Background: A review of both Western and Indian literature shows that there are few comprehensive studies on pancytopenia. In India, the causes of pancytopenia are not well defined. This data, if available, would help in planning the diagnostic and therapeutic approach in patients with pancytopenia. Aim: To evaluate the cases of pancytopenia by peripheral smear and/or bone marrow aspiration and/or bone marrow biopsy to find out the etiology, clinical, hematological, and histomorphologic features of pancytopenia. Materials and Methods: Detailed hematological investigations a complete hemogram, peripheral smear examination, bone marrow aspiration, and biopsy examination were done. Results: The most common cause of pancytopenia in our study was megaloblastic anemia (56%), followed by hypoplastic/aplastic anemia (14%), hypersplenism (8%) and post viral illness (6%). Conclusion: Megaloblastic anemia due to vitamin B12/folate deficiency seems to reflect the higher prevalence of pancytopenia in Indian subjects, putting hypoplastic/aplastic anemia in the second position, which is the leading cause for pancytopenia in the Western countries.

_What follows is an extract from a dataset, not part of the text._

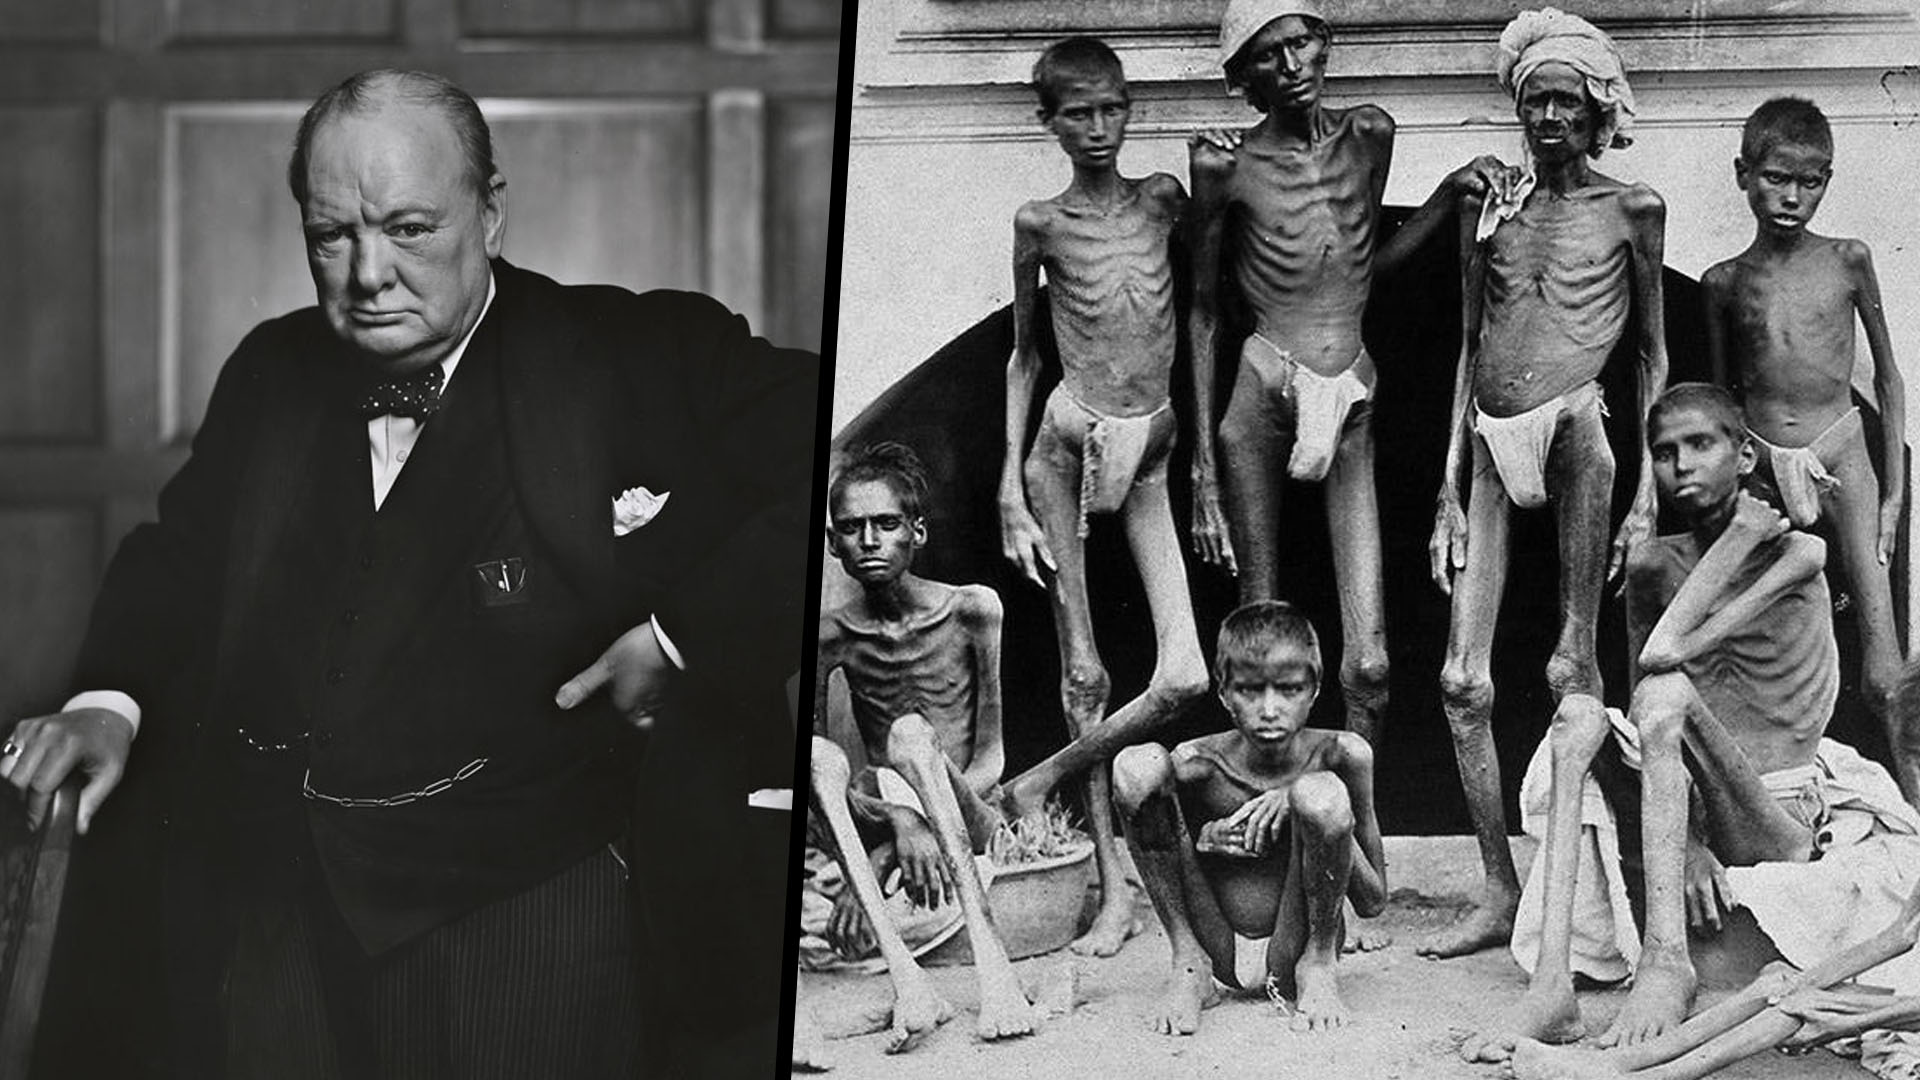 British empire India 100 million deaths Churchill

Keywords: Aplastic anemia, megaloblastic anemia, pancytopenia


How to cite this article:
Manzoor F, Karandikar MN, Nimbargi RC. Pancytopenia: A clinico-hematological study. Med J DY Patil Univ 2014;7:25-8

How to cite this URL:
Manzoor F, Karandikar MN, Nimbargi RC. Pancytopenia: A clinico-hematological study. Med J DY Patil Univ [serial online] 2014 [cited 2024 Mar 29];7:25-8. Available from: https://journals.lww.com/mjdy/pages/default.aspx/text.asp?2014/7/1/25/122763


  Introduction Top


Pancytopenia was not a discrete hematological entity till as late as 1919. The term was used almost synonymously for aplastic anemia, it being the major cause of pancytopenia in Western countries. [1],[2] Pancytopenia is reduction in all three major elements of blood formed, i.e, erythrocytes, leukocytes, and platelets. [3] It is not a disease entity but a triad of findings that may result through different mechanisms like destruction of marrow tissue by toxins, radiation (aplastic or hypoplastic marrow), replacement by abnormal or malignant tissue like Hodgkin's and non-Hodgkin's lymphoma, multiple myeloma, myelofibrosis, or suppression of normal marrow growth and differentiation like megaloblastic anemia and systemic lupus erythematosus. [1],[3]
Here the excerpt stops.